Jarrow Hall (formerly Bede's World) is a museum in Jarrow, South Tyneside, England which celebrates the life of Bede; a monk, author and scholar who lived in at the Abbey Church of Saint Peter and Saint Paul, Wearmouth-Jarrow, a double monastery at Jarrow and Monkwearmouth, (today part of Sunderland), England.

The site features a museum dedicated to the life and times of the famous monk, with other features and attractions – including a reconstructed Anglo-Saxon farm and the 18th-century Georgian building Jarrow Hall house itself – reflected in a calendar of activities, including special themed events, an educational programme for schools and heritage skills workshops, alongside space for businesses and events.

==History==
The Anglo-Saxon attraction Bede's World opened on an 11-acre site in Jarrow in 1993 at a cost of almost £10 million, and was run by the Bede's World Charitable Trust, with grant support from the local council. Although the complex attracted 70,000 visitors a year, it became no longer financially viable and ceased operation in February 2016.

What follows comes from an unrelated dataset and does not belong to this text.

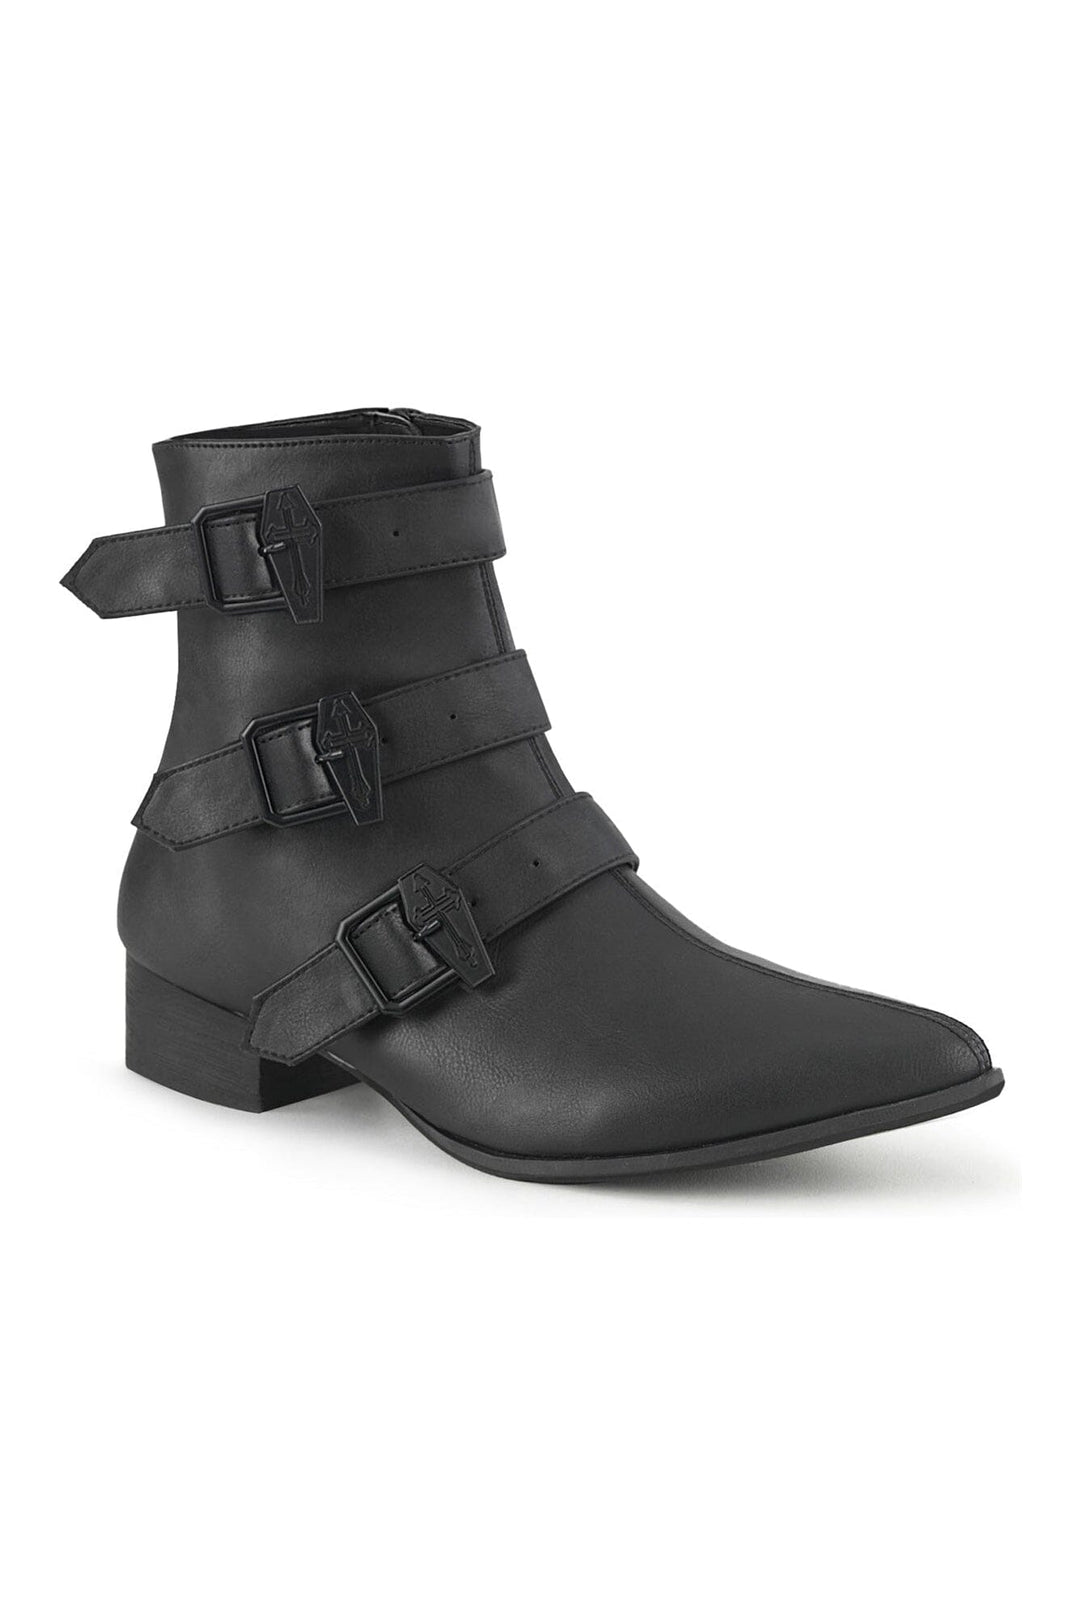 WARLOCK-50-C Black Vegan Leather Ankle Boot-Ankle Boots-Demonia-Black-10-Vegan Leather-SEXYSHOES.COM

The writer and broadcaster Melvyn Bragg was critical of its closure, and in an item on BBC Radio 4's Broadcasting House in 2016, he contrasted the museum's plight to the large funding made available to the Garden Bridge project in London, which was eventually cancelled.

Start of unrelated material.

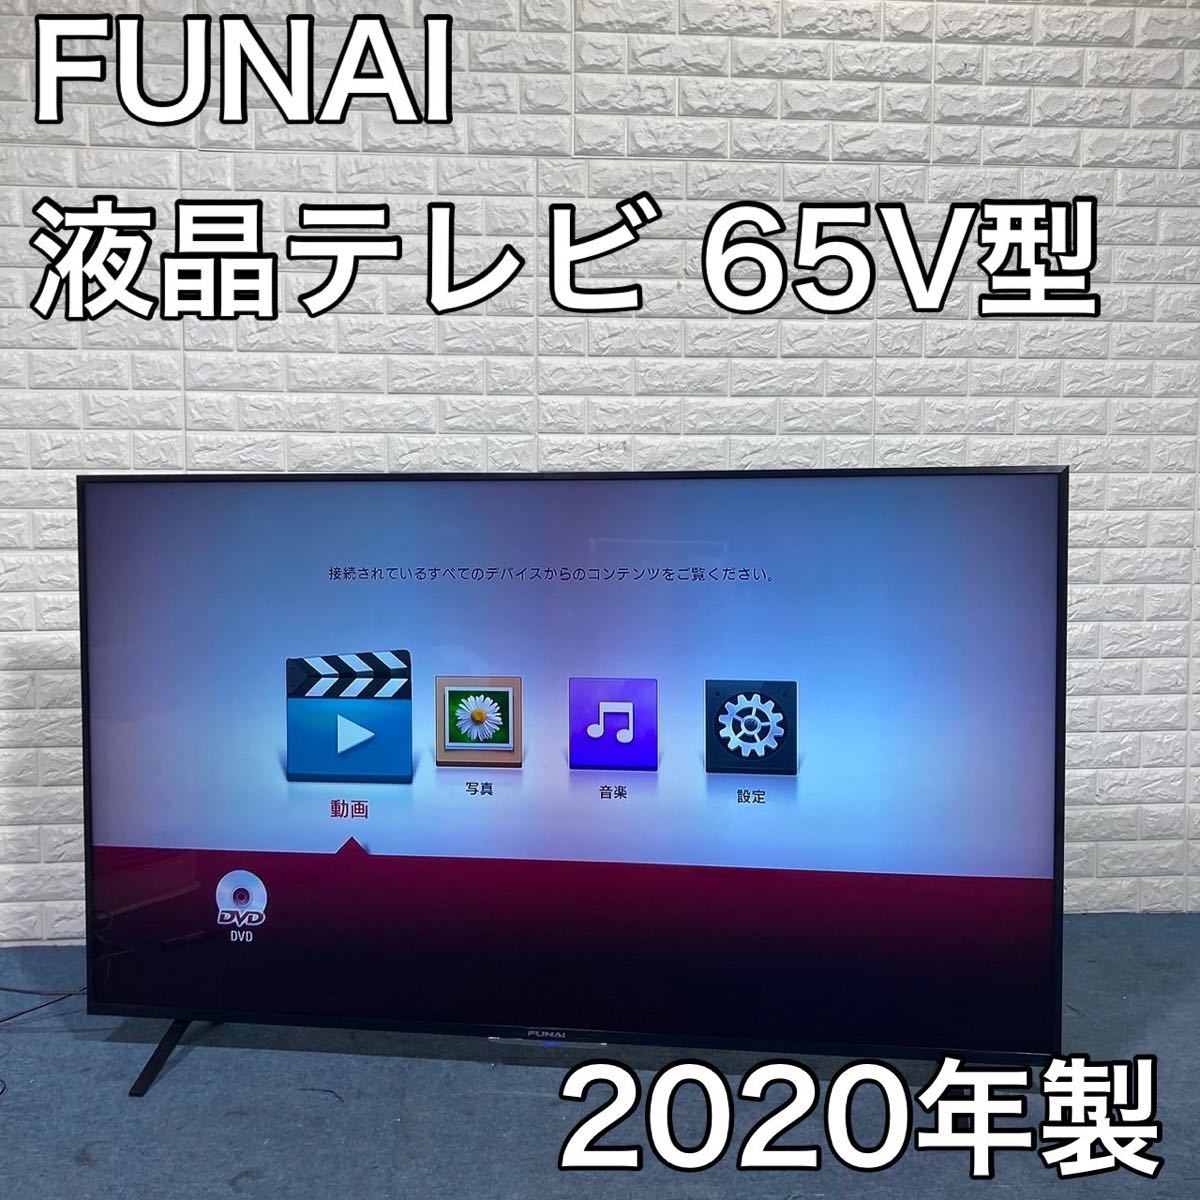 FUNAI 液晶テレビ FL-65UP520 65V型 2020年製 BB290

==Reopening and relaunch==
It was announced in August 2016 that the former Bede's World site would re-open as 'Jarrow Hall Anglo-Saxon Farm, Village and Bede Museum', to be managed by the charity Groundwork's South Tyneside and Newcastle trust.

Following over £100,000 of investment by Groundwork and a soft-open in October 2016, the site fully launched on 8 April 2017, hosting activities for all ages including farm talks, live re-enactment combat, authentic Anglo-Saxon craft and lectures, as well as the reconstructed historical dwellings being renovated by authentically attired workers using traditional wattle and daub building techniques. The interior of Jarrow Hall House was also renovated with Georgian-era expertise provided by Durham University, and hosts a new coffee shop, Hive Coffee Company. The direction and development of the site during the relaunch period were led by Leigh Venus, former Venue Manager of Newcastle upon Tyne's historic Tyneside Cinema.

==Current features==
The Bede Museum building features an "Age of Bede" exhibit, which includes excavated artefacts from the historic monastery such as stained glass, imported pottery, coins and stone carvings, and exhibits about Anglo-Saxon culture, Bede's life and works, the life of a monk, and the medieval Kingdom of Northumbria.

There is a working reconstructed Anglo-Saxon farm called Gyrwe (pronounced "Yeerweh") after the Old English name for Jarrow, showing animal husbandry with full-size reconstructions of three timber buildings from Northumbria based on the evidence of archaeological work. Thirlings Hall was the largest, with animal hide and other objects. A wood-burning fire in the form of a small pit/designated area is used throughout the year, and allows for a great smell to filter through the building. The two other buildings, smaller in size, are a grubenhaus – a sunken building used as a cold store – and a monk's cell. All buildings are thatched and were built using traditional techniques.

The farm animals are of similar breeds to animals that would have been present circa 1300 years ago, to simulate the types of animals which would have been seen in Anglo-Saxon England; cattle are smaller and sheep more varied, before selective breeding methods were introduced. Ancient strains of wheat and vegetables, such as those the monks might have eaten, used to be selectively grown on site.

Visitors are able to tour the ruins of the Anglo-Saxon monastery of St Paul, which has been designated a scheduled monument.

The site also features a coffee shop located in Jarrow Hall House, an 18th-century Georgian property adjacent to the Bede Museum. The house was renovated in 2017. The Medieval herb garden at the rear of Jarrow Hall House features over 200 species of herbs, and there is a gift shop within the Bede Museum. The site also house events and conference facilities, both within Jarrow Hall House and the Bede Museum building.